Dispatches from the road: Quebec City

I’m trying to write using the Blackberry this morning. Am on my way to the nation’s capital but the kids wanted to stop off here.

Read the recent thread between Vincerolly and Mikel below. That’s the kind of dialogue I like to see here although I realize that people are busy.
I am listening to Gladwell’s Outliers on the trip up here. I’ll have more to say on this but I think there is an interesting application of his theory to help understand why places like NB chronically underperform.

I also listened to a podcast from IBM’s Institute for Economic Development based in Ireland. Maybe we should try and get IBM to put a similar facility in NB.

I see that NB is goiing to be ‘protected’ in any Senate reform. Phew. The current model has worked so well for us I am glad we will be protected. Maybe we should go Serengeti Plain with our politics. Maybe we would be forced to rethink things.

Front page ROB story yesterday on the potential impact of the Fort Macmurray slowdown on places like NB. I wrote this story in my column three weeks ago. Glad to se it gaining nationa attention because it is serious.

Finally, I have to chuckle when I hear NB politician’s talking about the need for a stimulus package. It’s fun. If ontario had the economic performance of NB over the past decade it would have been a national diaster. We bragged about it. Now that the national economy is going into a funk NB now needs a ‘stimulus’. We needed a stimulus five years ago – ten – when we realized that the economy wasn’t even creating enough jobs to sustain the current population.

2 thoughts on “Dispatches from the road: Quebec City

  1. You raise a good point about the stimulus package. We are lacking a sense of urgency about economic development.

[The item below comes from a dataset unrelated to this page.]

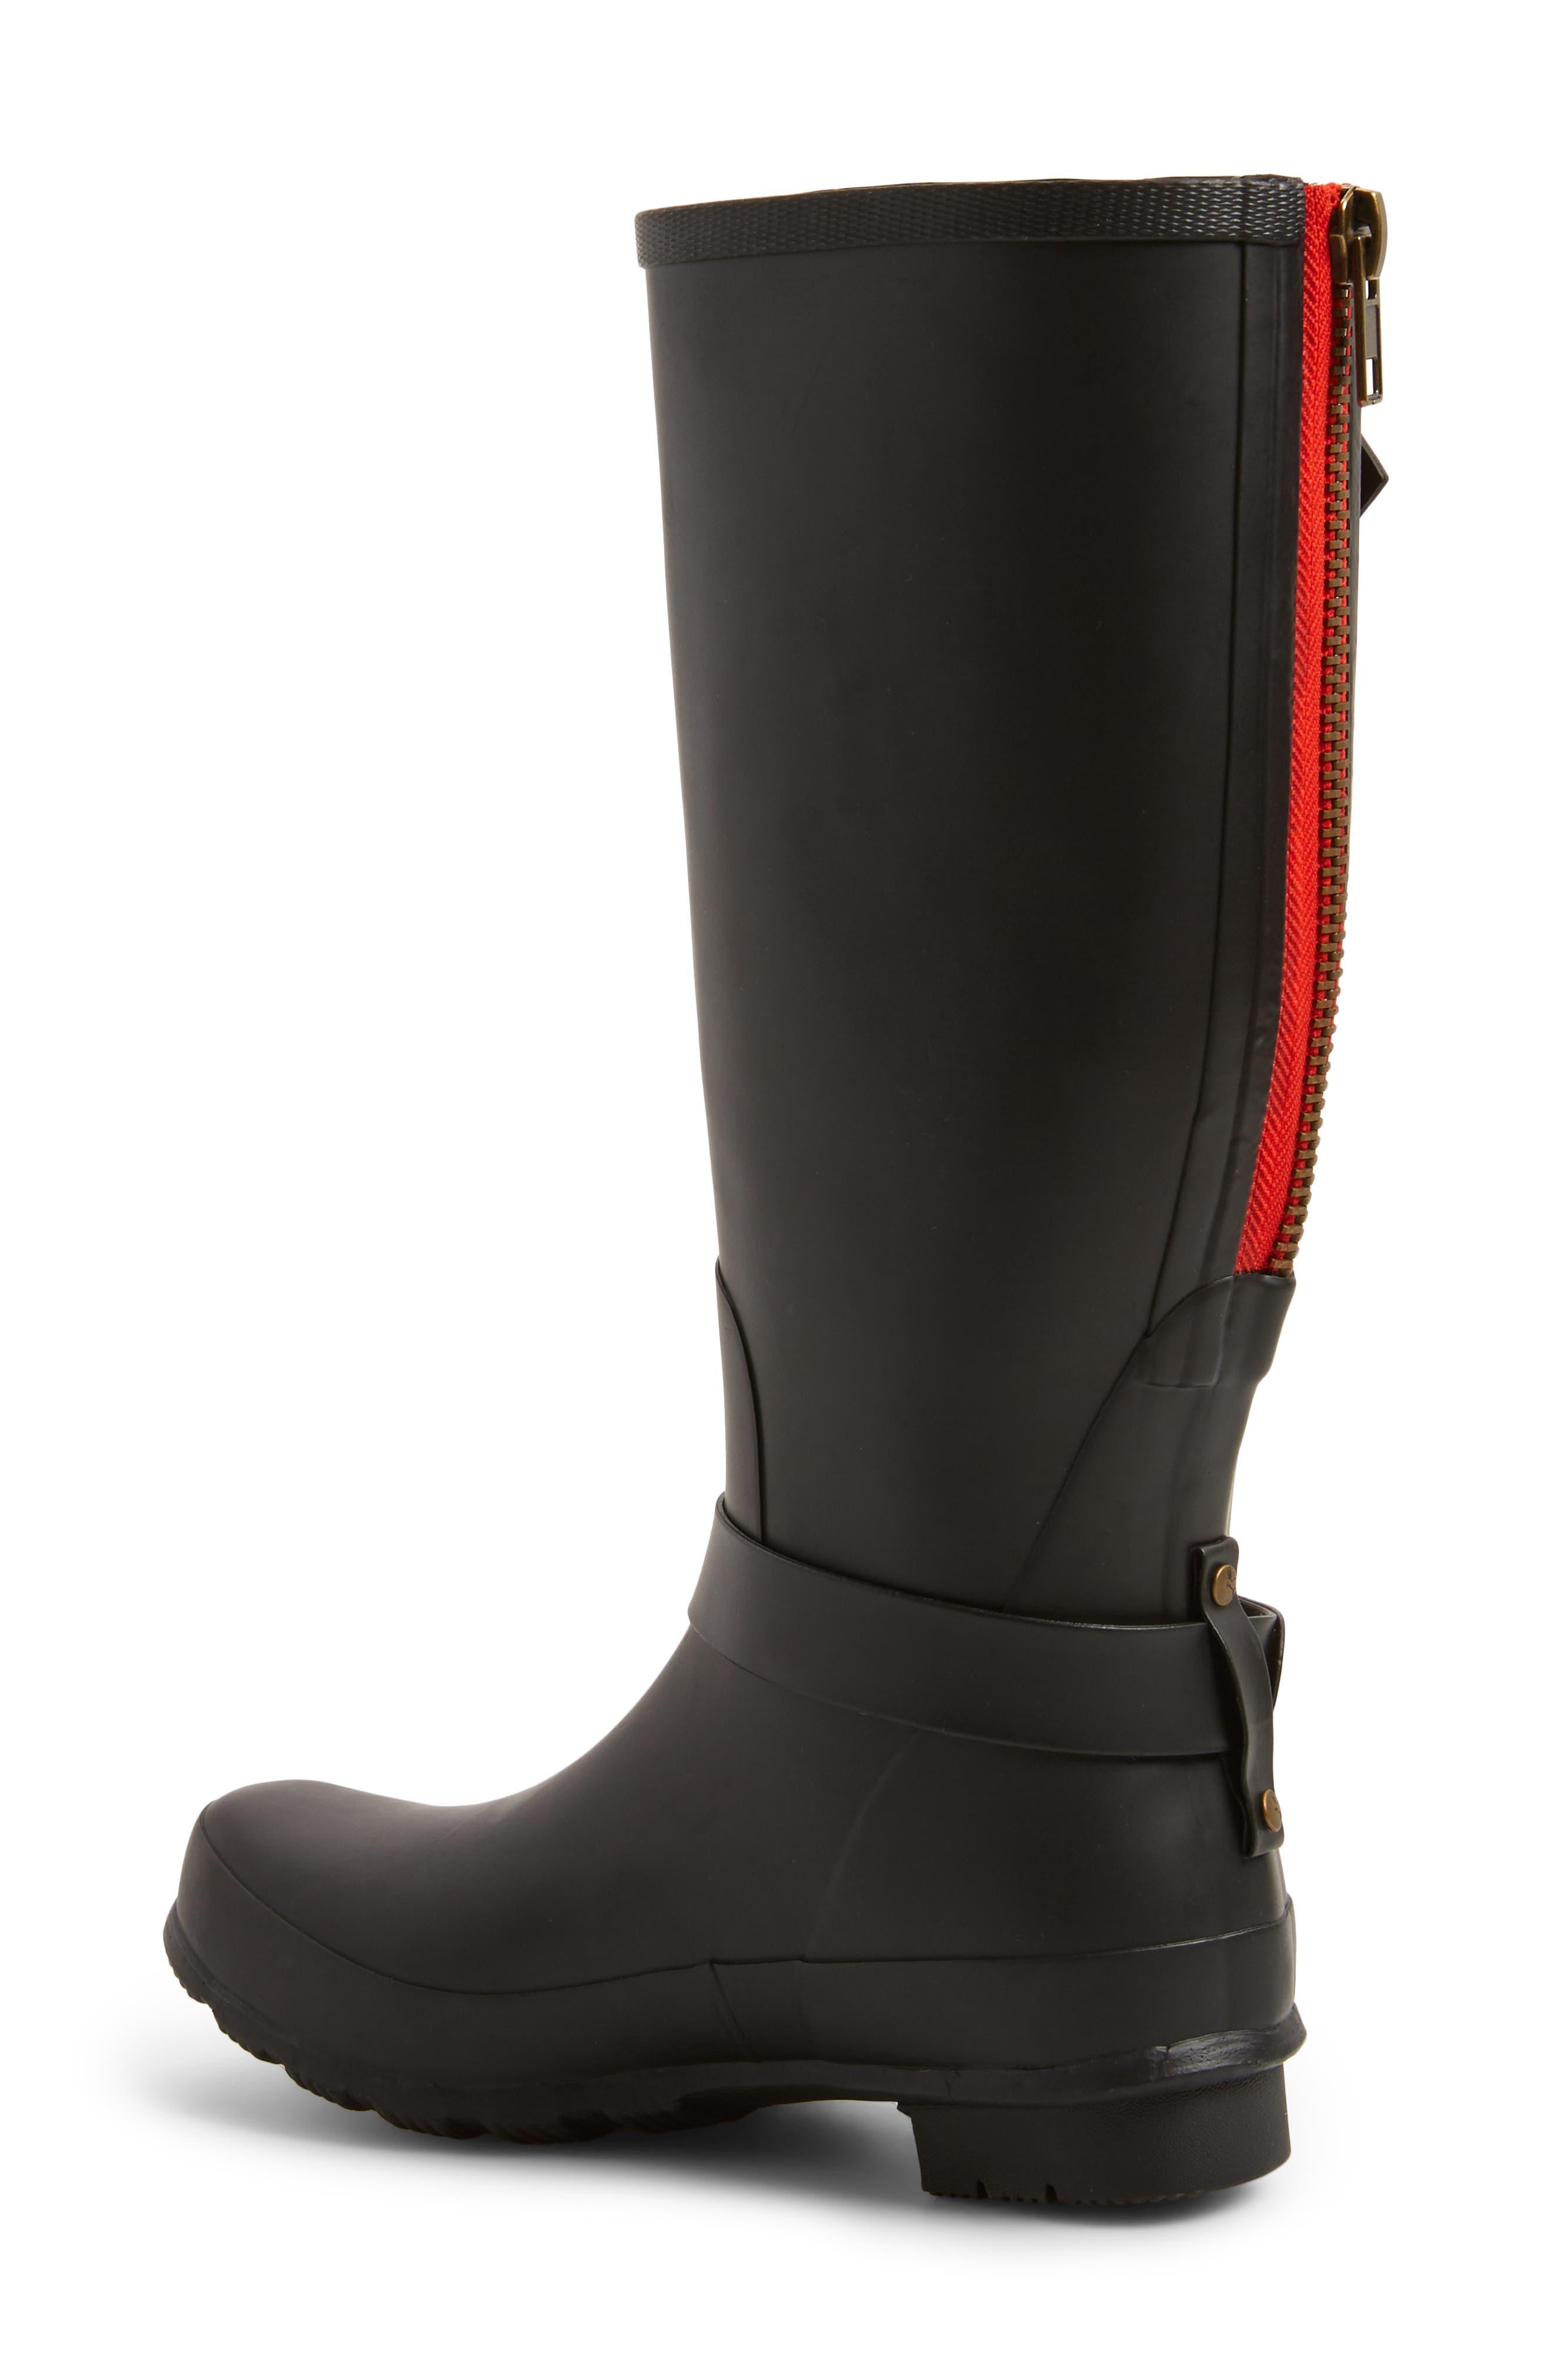 Biker Knee High Rain Boot,                             Alternate thumbnail 2, color,                             Black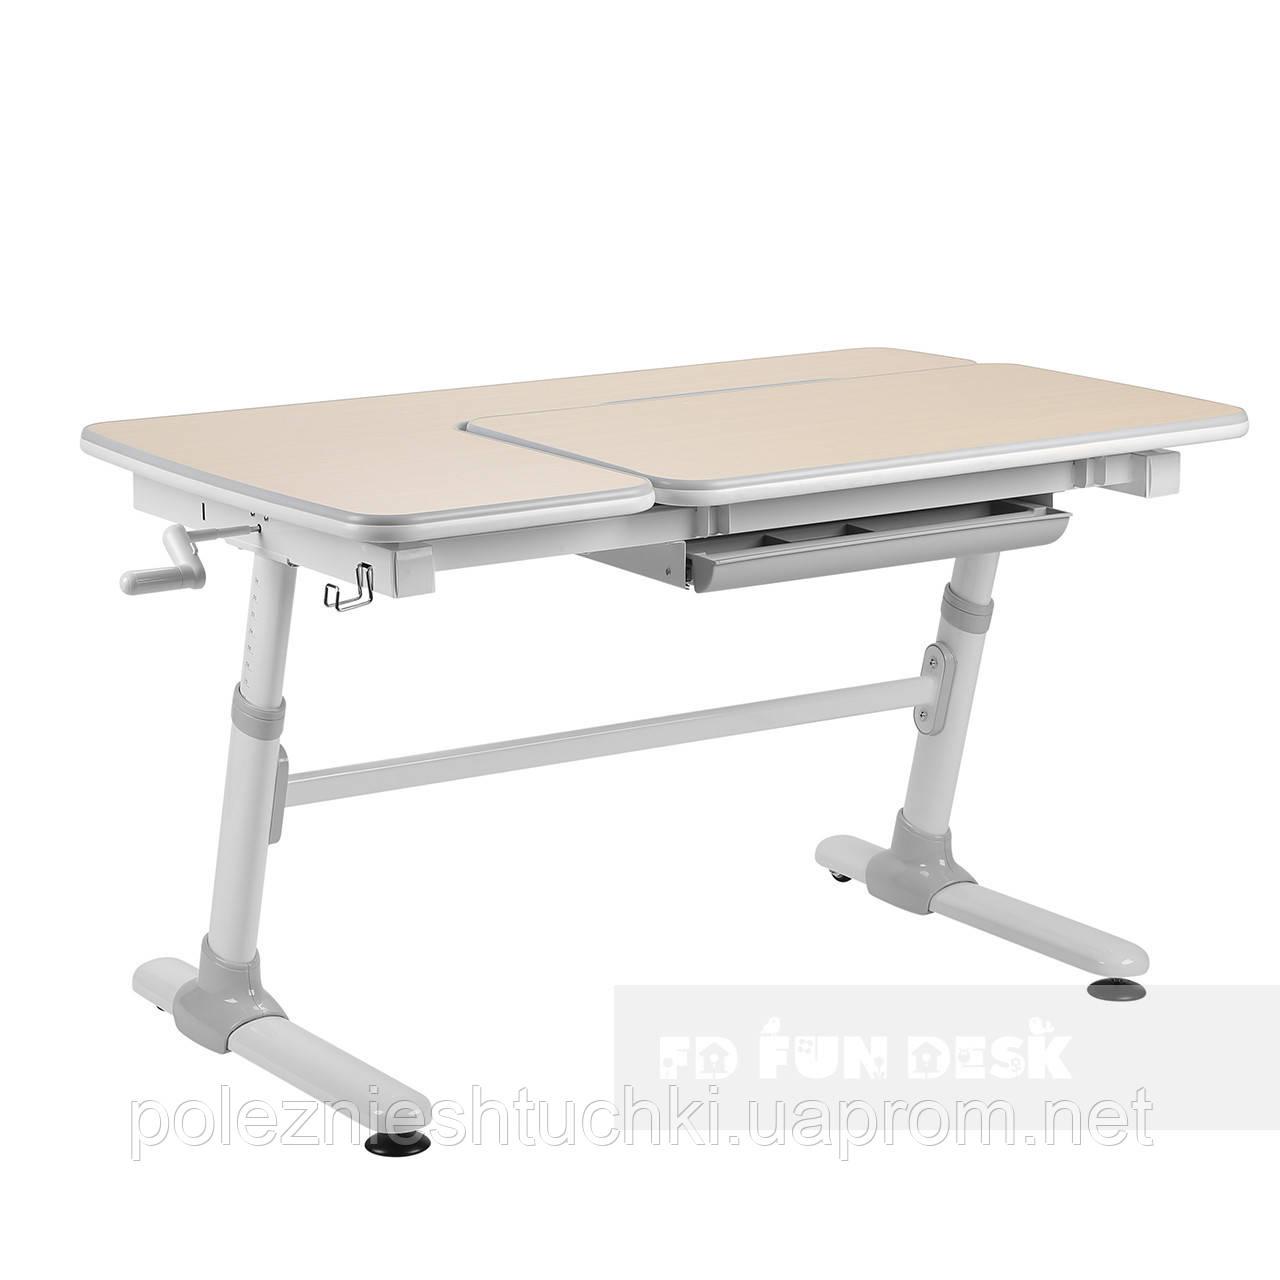 Ученический стол-трансформер FunDesk Invito Grey

    We can debate the effectiveness of the McKenna years’ ED strategies, but there would be broad agreement that there was at least a sense of urgency about ED. There were the 1800 call-the-Premier lines, tiger teams rapidly deployed at the hint of a prospect, quick decisions, redirected priorities in favour of ED etc. We all know the stories of McKenna being tailed when he visited cities and there were numerous national news stories about NB’s assertive efforts in ED.
    Perhaps a lot of this was well designed hype but it accomplished 2 things:1) NBers were talking about ED and appreciated its significance and 2) NB made it onto the radar screens of prospects who were expanding or relocating (ie some companies actually contacted us). This resulted in lots of companies setting up in NB.

    Lately just about anything gets labeled ED. As discussed on an recent blog, a community hall is built and called ED. Potholes are filled and called ED. A new doctor is hired and called ED. We need Ontario-style ED like opening a new Toyota plant.

    NB is not in a maintaining phase; we have large gaps to close with ED. To close these gaps, we need a sense of urgency about ED.

  2. Well, according to Shawn Graham there IS a ‘sense of urgency’. This is why the government has announced that it wants to lower income taxes, as well as getting the Corporate Income Tax below 10%. Serious times call for serious measures (he says).